Excel’s charting tools are quite comprehensive, but I’ve written before (see my archived articles) about some notable omissions in functionality. One of those is less control than a user might like over the colour of individual data points. It is possible to set the colour for an entire data series, or to set the colour to vary by point. The charts below illustrate these options:

entire data series the same color color varied by point

This choice is controlled through the Format Data Series dialog, as below:

Format Data Series dialog box

At first, I thought I’d be able to make progress with VBA, but it is not possible to change the colour of a single data point, even from VBA code, when you want the colour to change based on the data that produces that column.

It’s time perhaps to explain why I wanted to be able to highlight just one point. Let’s do it by looking at the data on which the example charts above are based.

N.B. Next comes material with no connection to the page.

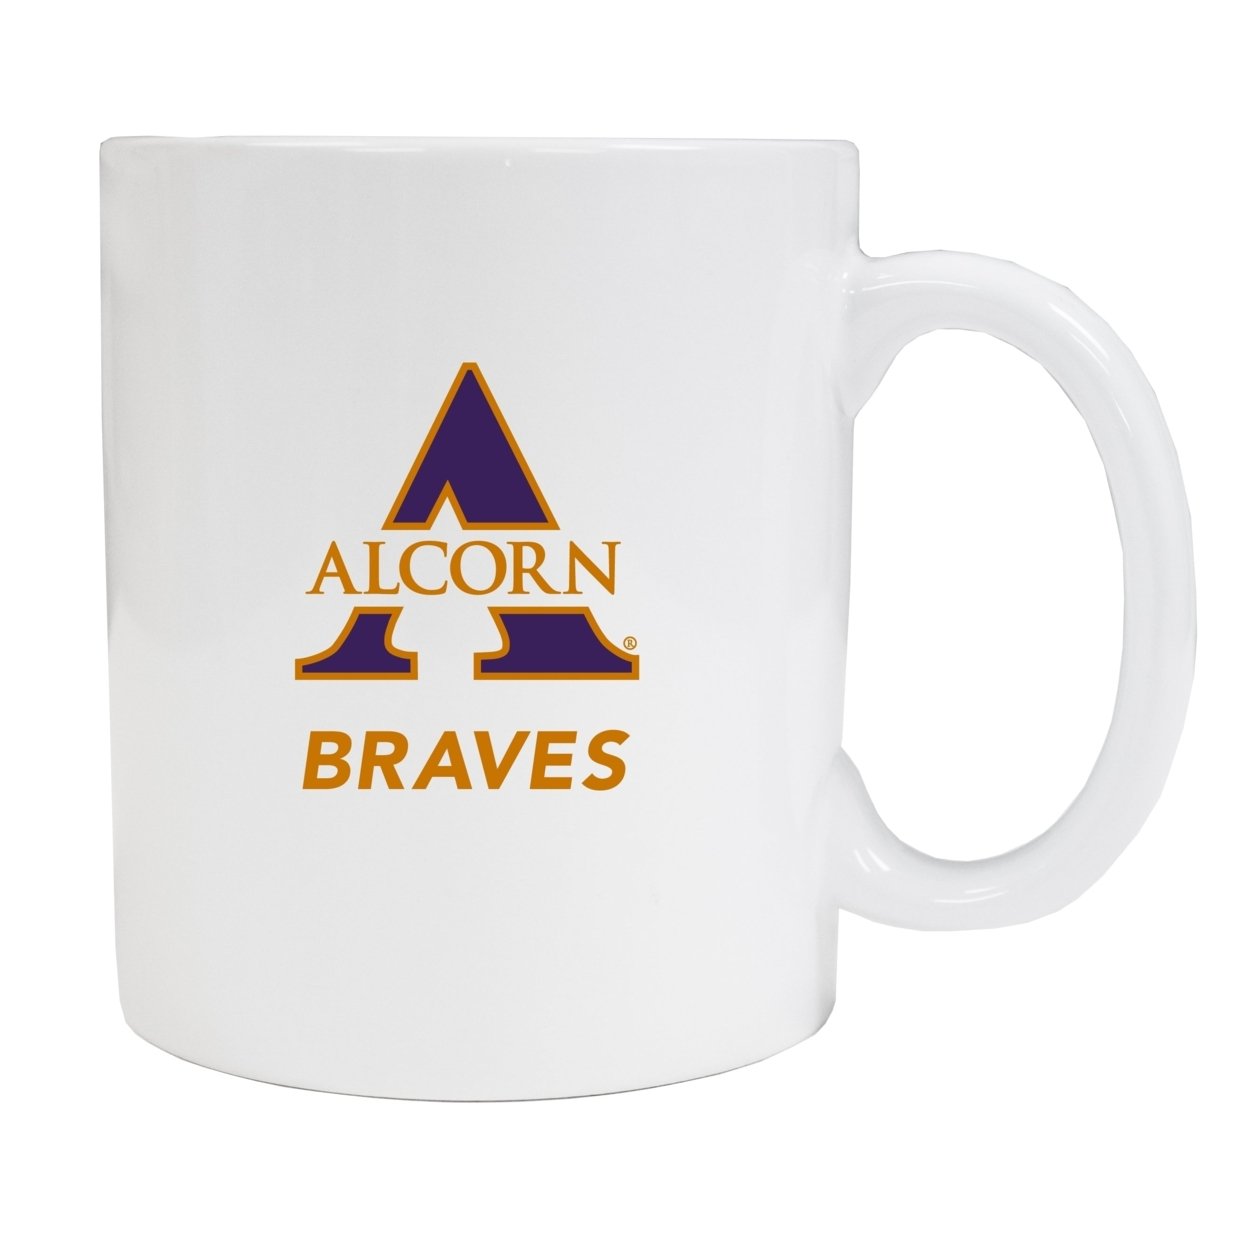 Alcorn State Braves White Ceramic Mug 2-Pack (White).

data the chart is based on

It concerns a multiple choice test based on 4 questions, each with 4 possible answers (A, B, C, D) only one of which is correct.  Column C indicates which option is correct and columns D-G show what percentage of the test candidates selected each option.

oroginal chartWhen charting these numbers, I wanted a way of highlighting which option was the right answer. Consider the chart we saw at the top of this article, shown again to the left.

It relates to question 1 in the data table, of course, and the right answer is B.
The data source for this table is D3:G4, which includes both the axis labels in row 3 and the actual chart values for the series in row 4. The other charts for questions 2-4 are based on ranges which include rows 3 for the axis labels and respectively 5, 6 and 7 for the series data.

Given that B is the right answer, the chart shows a test question performing very well, for a number of reasons. It shows:

  • The majority of candidates are getting it right (so it’s not too hard)

  • Not all candidates are getting it right (so it’s not too easy)

  • Candidates are choosing all 3 of the wrong answers, which we call ‘distractors’ (so all the distractors are to some extent credible and candidates cannot get the answer right just by eliminating obviously false alternatives.)

It is easy to come to these conclusions simply from the chart, but only if you know the right answer is B. Look at the chart again and consider how the story it tells is different if the right answer were actually A.

Hopefully, you can see why I was so keen to highlight on the chart one data point.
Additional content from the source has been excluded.